US wants Indo-Pak talks to include Afghanistan
WASHINGTON (Pajhwok): The outgoing Obama administration wants Indo-Pak dialogue to include Afghanistan, even as a top US expert on South Asia favoured a strong anti-Islamabad policy by the incoming Trump government.
“We do think that any regional dialogue between India, Pakistan for including Afghanistan and others to counter terrorism would be desirable,” Peter Lavoy, senior director for South Asian affairs, told Pajhwok Afghan News in an interview.
“Terrorism is a threat to all of us and no country will be safe, unless terrorism is irradiated in every other country, especially in the neighbourhood,” said Lavoy, who heads the White House National Security Council on South Asia.
Lavoy, who has spent several decades dealing with Afghanistan and Pakistan-related issues in various capacities in the US government, said it was clear to all that many terrorist groups operated in Pakistan.
Even though the Pakistani government and security apparatus were trying to diminish terrorist strength in Pakistan, Lavoy said Islamabad had prioritised its fight against the outfits that target the country first and had placed less priority on the terrorists targeting its neighbours.
“We have been clear and I believe with India and Afghanistan, Pakistan cannot, and must not, discriminate between terrorist groups. It must view all terrorist groups as its enemy and must fight terrorism indiscriminately. We continue to work with Pakistan, encourage them to do so, and have offered to help with our capacity and willingness to do so.”
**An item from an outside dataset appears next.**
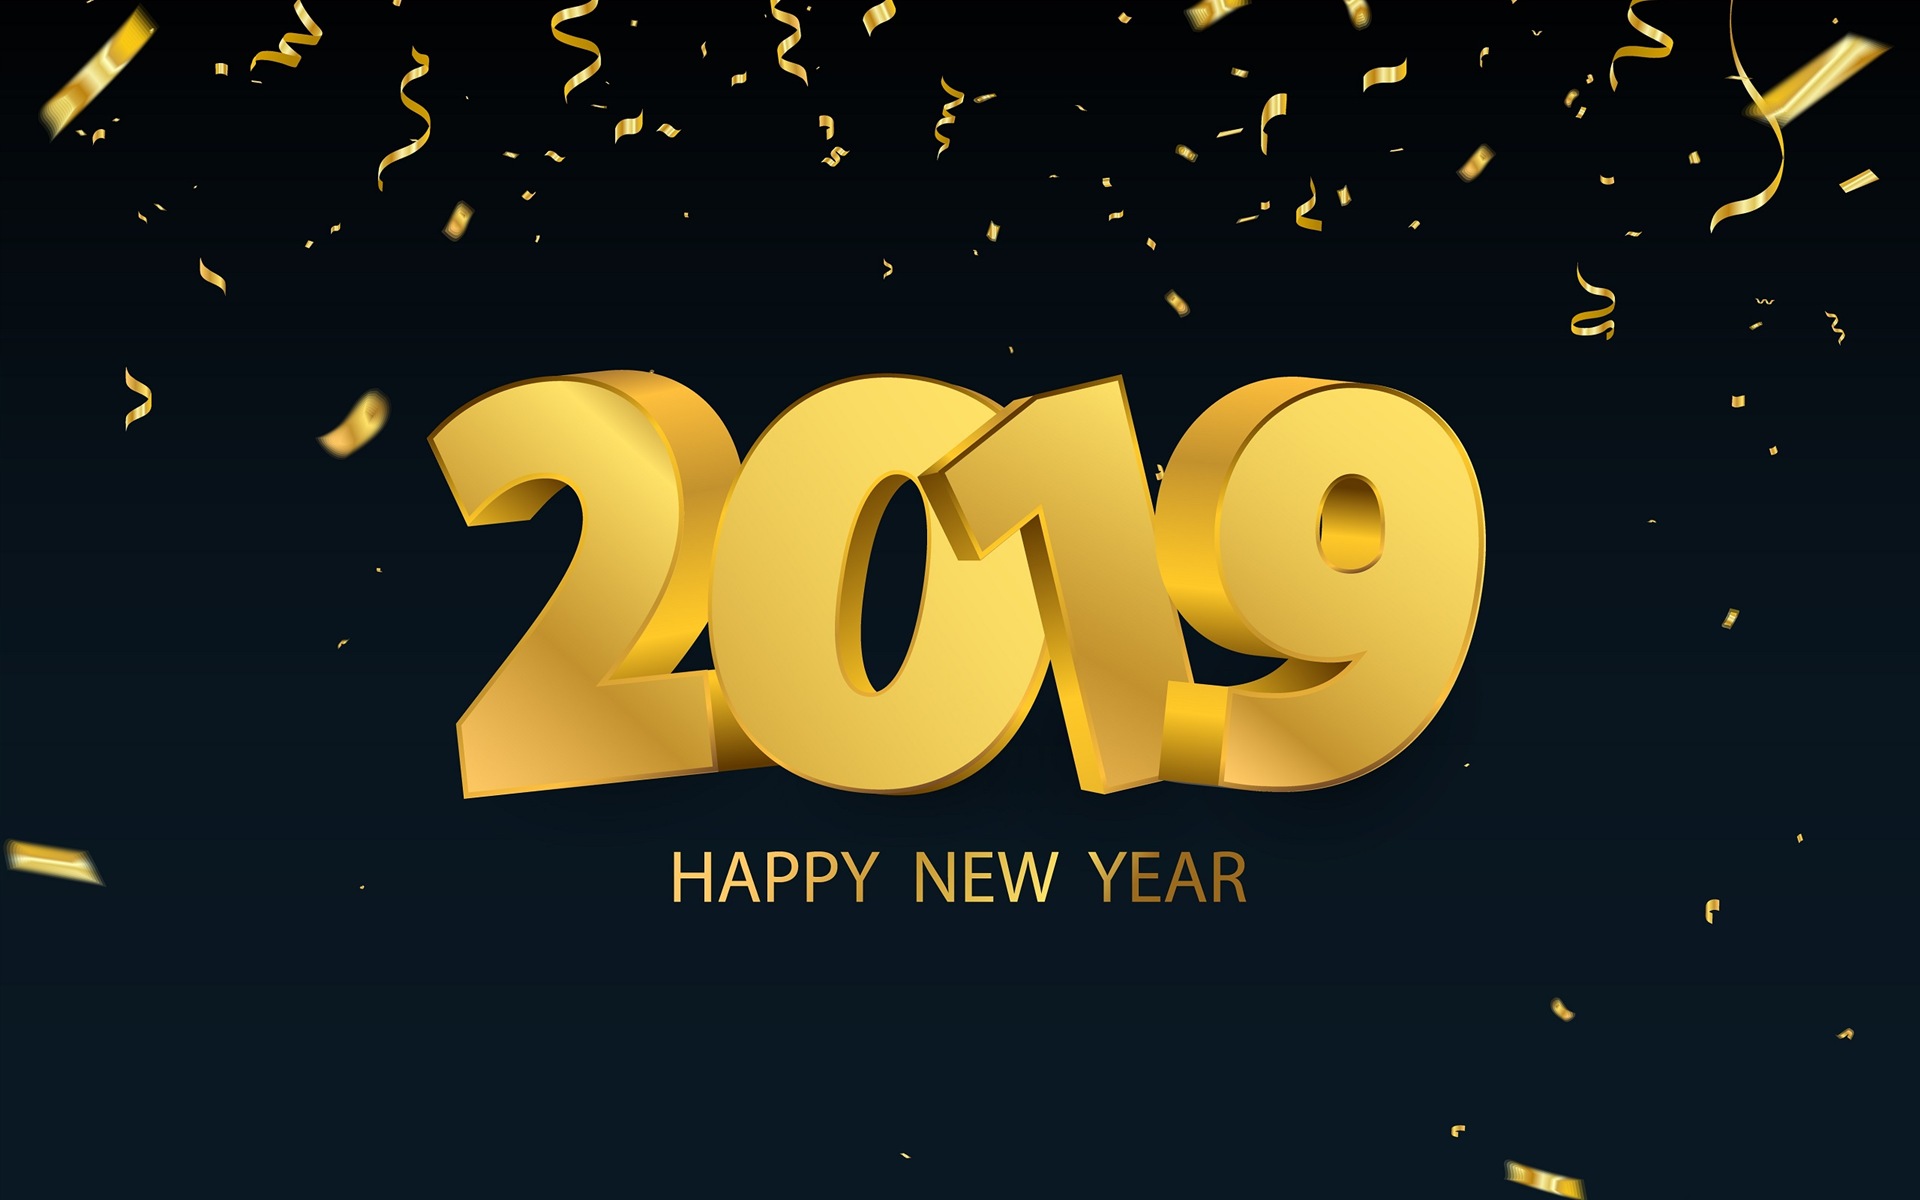 Feliz año nuevo 2019 HD wallpapers #13 - 1920x1200
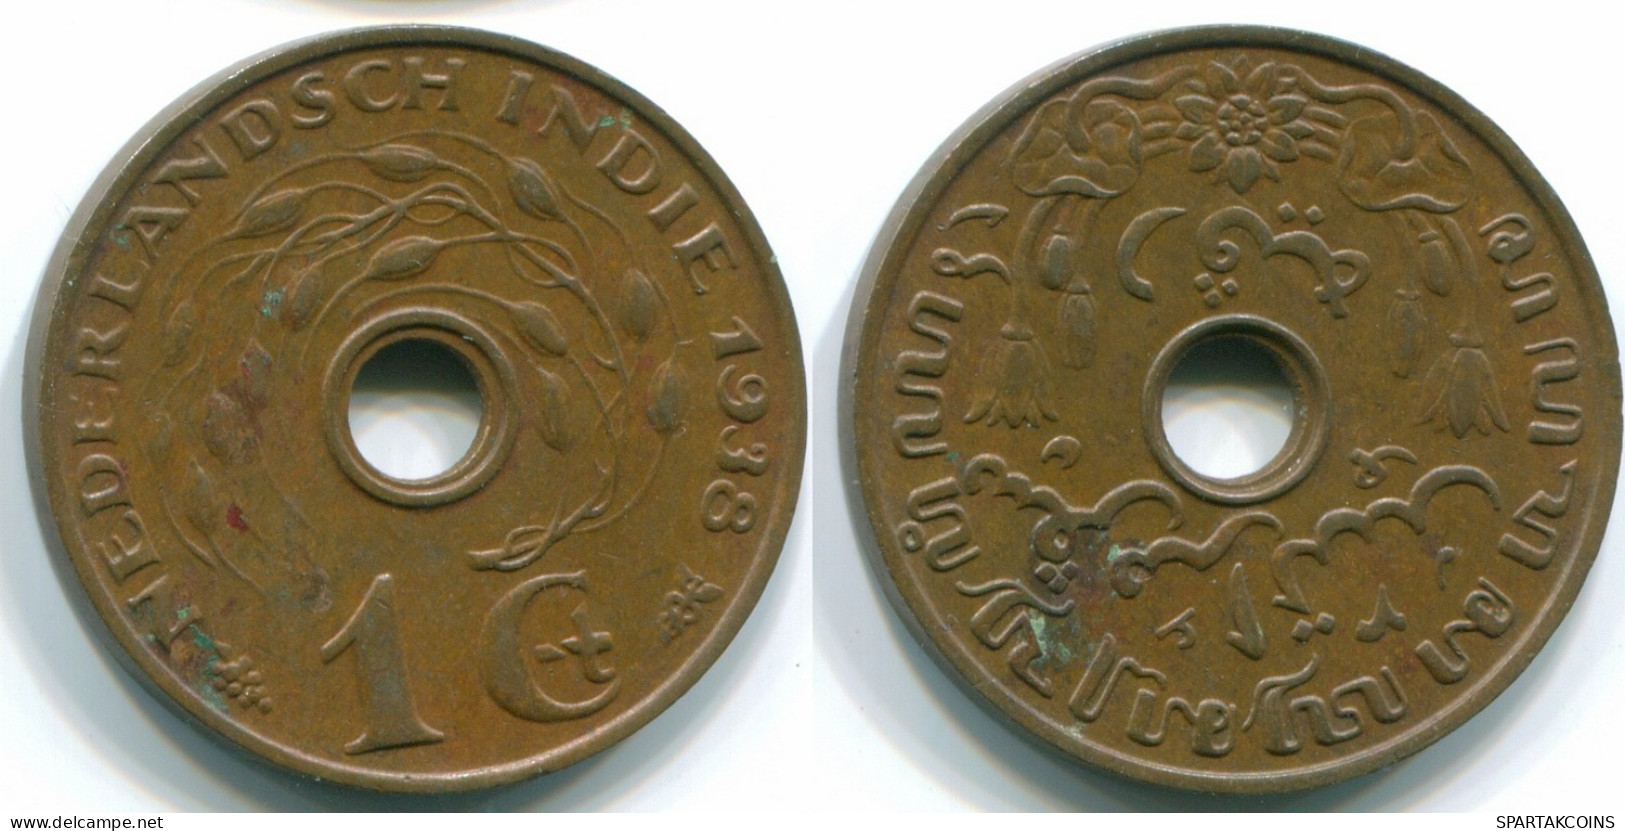 1 CENT 1938 INDES ORIENTALES NÉERLANDAISES INDONÉSIE INDONESIA Bronze Colonial Pièce #S10269.F.A - Indes Néerlandaises

The United Sates, he said, remained concerned about Al Qaeda even though it had been significantly disrupted because of continuous efforts in the Af-Pak region. “This was something President Obama talked about in his State of the Union and other addresses on the threat that both of these groups posed to the United States,” he said.
Meanwhile, top South Asian expert Daniel Markey said the incoming administration needed to be tough on Pakistan.
“Trump’s obsession with terrorism and his top policy advisors with military experience in Afghanistan (National Security Advisor-designate Mike Flynn and his picked for secretary of defense, Gen. James Mattis) will, sooner or later, expose fundamental differences with Pakistan,” he wrote in the Foreign Policy magazine.
Pakistan’s leaders were deluding themselves if they believed the congratulatory phone call between Trump and Prime Minister Nawaz Sharif, in which Trump reportedly called Pakistan a fantastic country, fantastic place of fantastic people, actually boded well for their relationship, he said.
“At worst, Pakistan is an enemy, a state sponsor of terrorism in all but name, a host to anti-Afghan, anti-Indian jihadi militants with American blood on their hands,” he wrote.
“It is widely accepted in US policy circles that Pakistan’s military and intelligence services prefer to maintain friendly ties with some terrorists for two reasons: First, they are useful proxies to destabilse Pakistan’s neighbours, and second, they would also be deadly adversaries, if confronted head-on,” he said.